Le agevolazioni ai mutui, inoltre, sono aperte anche a chi abita in una casa popolare e vuole procedere all’acquisto di casa di proprietà (fornendo delle sufficienti garanzie). 

Ovviamente esistono una serie di circostanze ostative all’accesso a questo tipo di agevolazioni e, pertanto, chi ne volesse far richiesta deve accertarsi di rispondere ai seguenti requisiti (in assenza di anche uno solo dei quali si rischia di veder rigettata la richiesta):

  • Non essere in possesso di immobili adibiti ad uso residenziale.
  • L’immobile per cui si richiede il mutuo dev’essere considerato prima casa (con tutti gli annessi requisiti di residenza e permanenza)
  • L’abitazione non dev’essere identificata come immobile di lusso presso il catasto.

Banche e offerte

Ovviamente, una volta accertata la possibilità di accedere alle suddette agevolazioni, è la volta di scegliere la banca che concede il credito alle condizioni più vantaggiose.

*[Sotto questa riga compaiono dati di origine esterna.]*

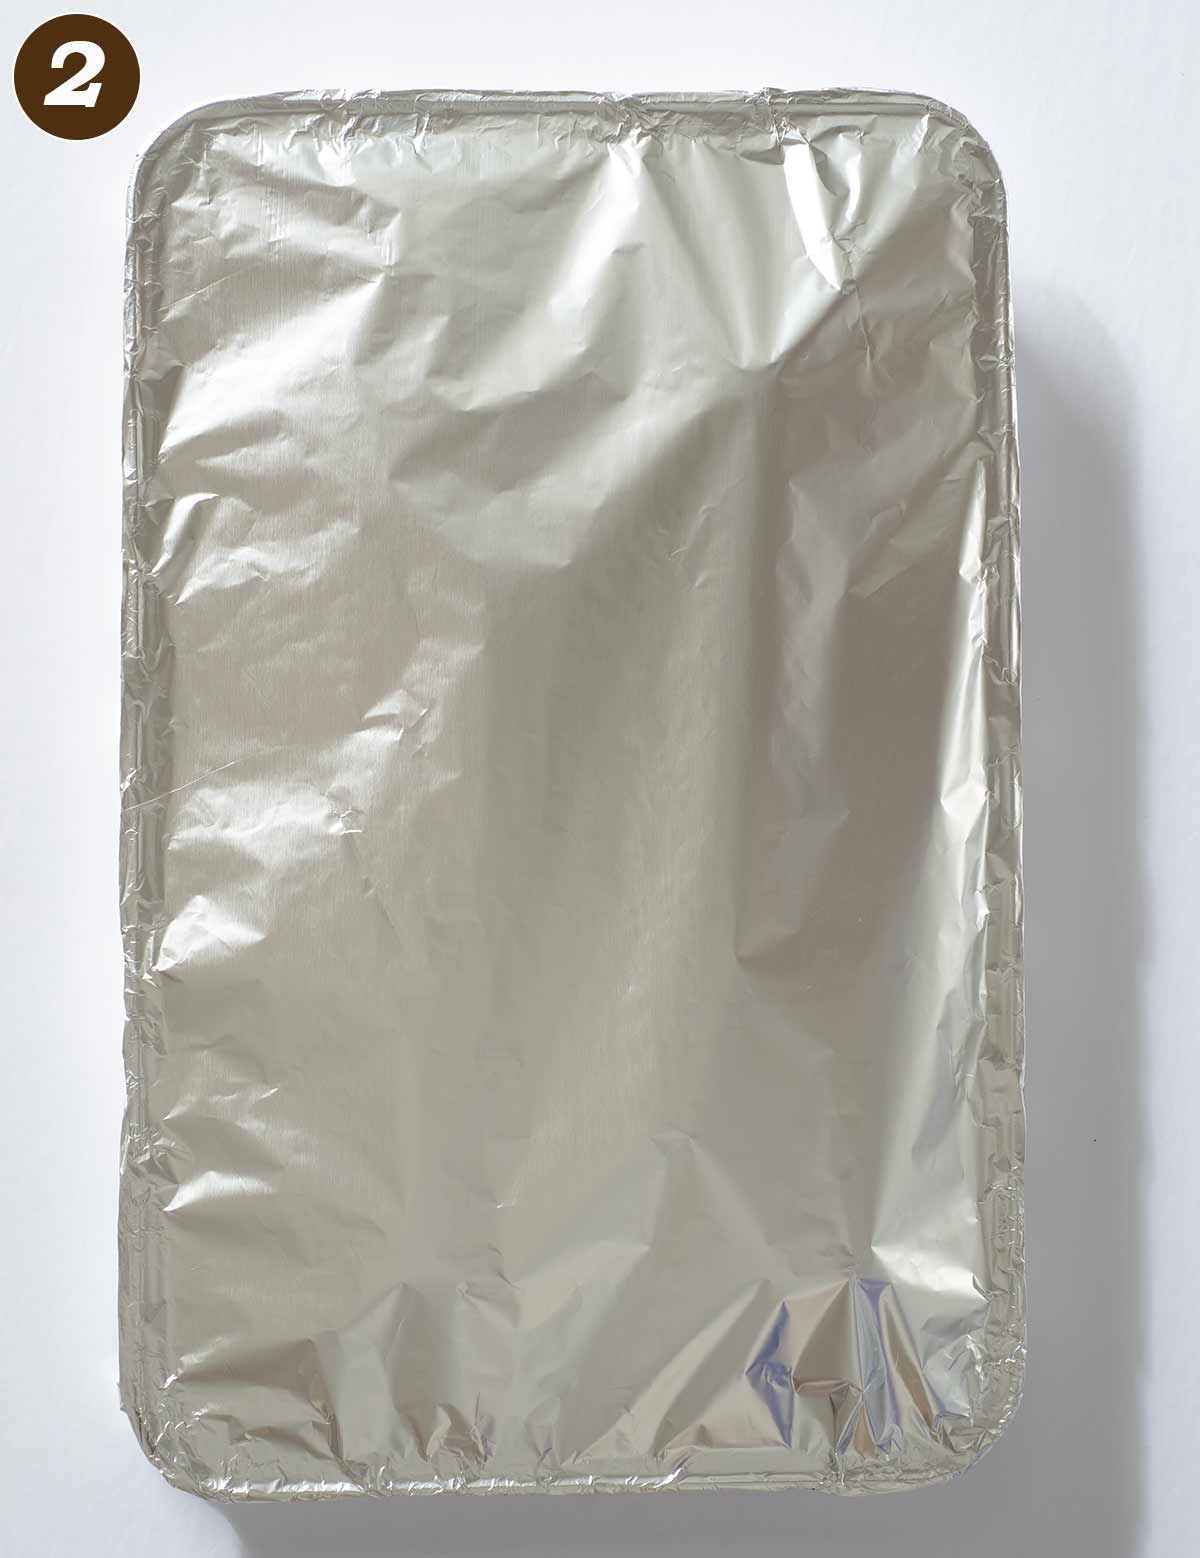 Baking sheet covered with aluminum foil.

Esistono interessanti strumenti di ricerca: basta cercare informazioni online sul mutuo per giovani per farsi un’idea delle varie possibilità offerte. Molte piattaforme offrono la possibilità di confrontare gratuitamente banche diverse e visualizzarne le varie offerte per il vostro mutuo – un po’ come i famosi siti che comparano diverse assicurazioni auto.

A tal proposito, i criteri di scelta devono basarsi su diverse tipologie di tasso che possono rendere l’una o l’altra banca più vantaggiose:

  • Tasso fisso: in questo caso la rata rimane costante dall’inizio alla fine, proprio perché il tasso viene stabilito all’inizio e rimane fisso per l’intera durata fino all’estinzione del mutuo. Viene generalmente considerato il più sicuro.
  • Tasso variabile: in questo caso il tasso di interesse varia a seconda di specifici parametri relativi a mercati finanziari e monetari. Meno sicuro del precedente ma, allo stesso tempo, potenzialmente più vantaggioso, nel caso in cui per una congiuntura economica i tassi divengano molto bassi.
  • Tasso misto: in questo caso è prevista la facoltà di poter passare da tasso fisso a variabile anche successivamente all’accensione del mutuo.
  • Tasso d’ingresso: viene previsto un tasso agevolato per i primi tempi (di durata variabile) per poi passare a un regolare tasso fisso o variabile in un secondo momento.

 

Insomma, seppur in un mondo pieno di insidie e incertezze, quantomeno l’accesso al credito per acquisto di una delle basi fondanti della vita – cioè la prima casa – è stato reso più agevole. Ora per le coppie (e non solo) la strada verso l’indipendenza è senza dubbio più facile.